Вы должны понять: мой брат был человеком идеи. Он никогда не бывал удовлетворен сегодняшними достижениями, он всегда смотрел вперед. И эта женщина натолкнула его на интересную мысль. Он внедрил ее в подразделение сил особого назначения, расквартированное в Бан Me Туоте. – Макоумеру показалось, что внутри у него что-то оборвалось. Он до боли прикусил язык, чтобы не сбить Монаха с темы. Сердце его бешено колотилось, и когда он наконец заговорил, ему показалось, что язык присох к гортани.

– А как... – он еле справился с голосом, – как ее звали?

– Ужасно, ужасно... – казалось. Монах не слышал вопроса. – Это было так ужасно, что я старался выбросить все, с этим связанное, из памяти. – Он вздрогнул. Макоумер боялся пошевельнуться. – Да, как ее звали? Тиса, вот как. Брат заслал ее туда с приказом завязать как можно больше интимных связей с американскими офицерами.

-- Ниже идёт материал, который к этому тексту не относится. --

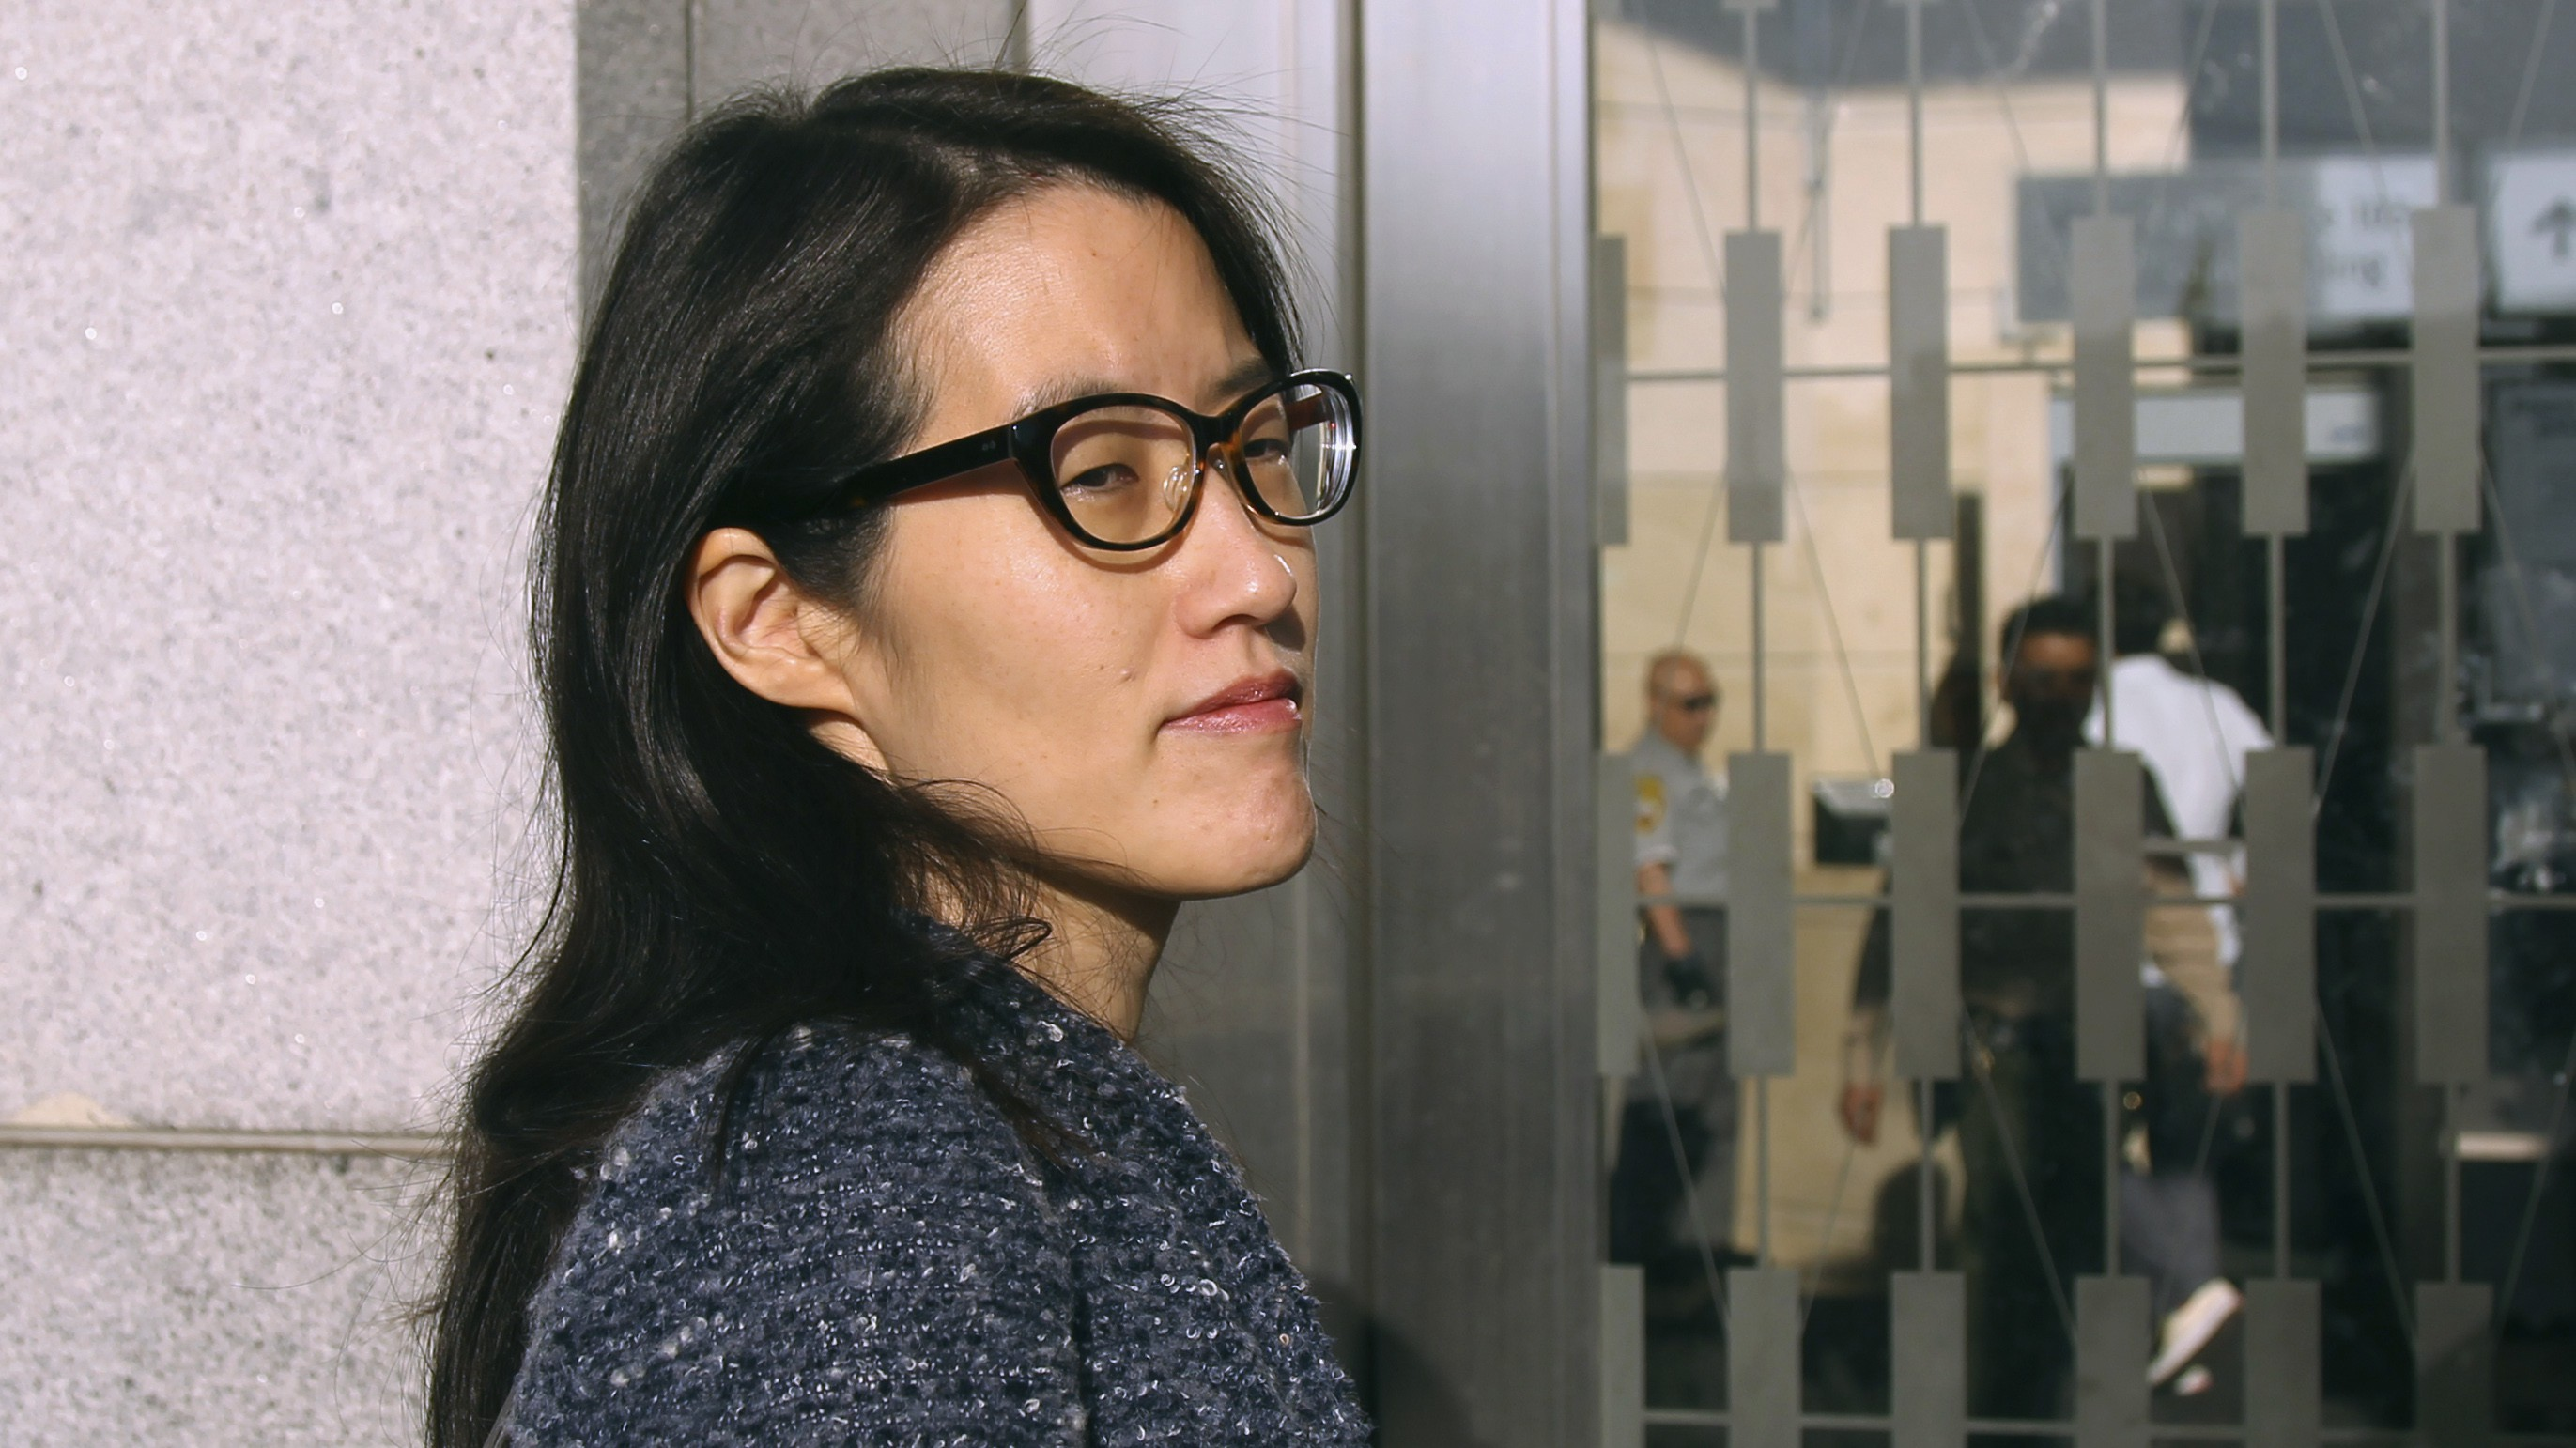 Ellen Pao arrives at San Francisco Superior Court in San Francisco, California March 3, 2015.

«Связи»! Это слово, употребленное Монахом во множественном числе, сразило Макоумера. Нет, Тиса! Ты была моей, только моей!

– Она сделала все, что ей было приказано, и начала снабжать моего брата первоклассной информацией. Он был очень доволен. – По лицу Монаха пробежала тень. – А затем все перевернулось с ног на голову.

– Что вы имеете в виду? – Макоумер сам не узнал своего голоса.

– Она вдруг перестала давать информацию. Мой брат забеспокоился и отправился к ней. Дома ее не было.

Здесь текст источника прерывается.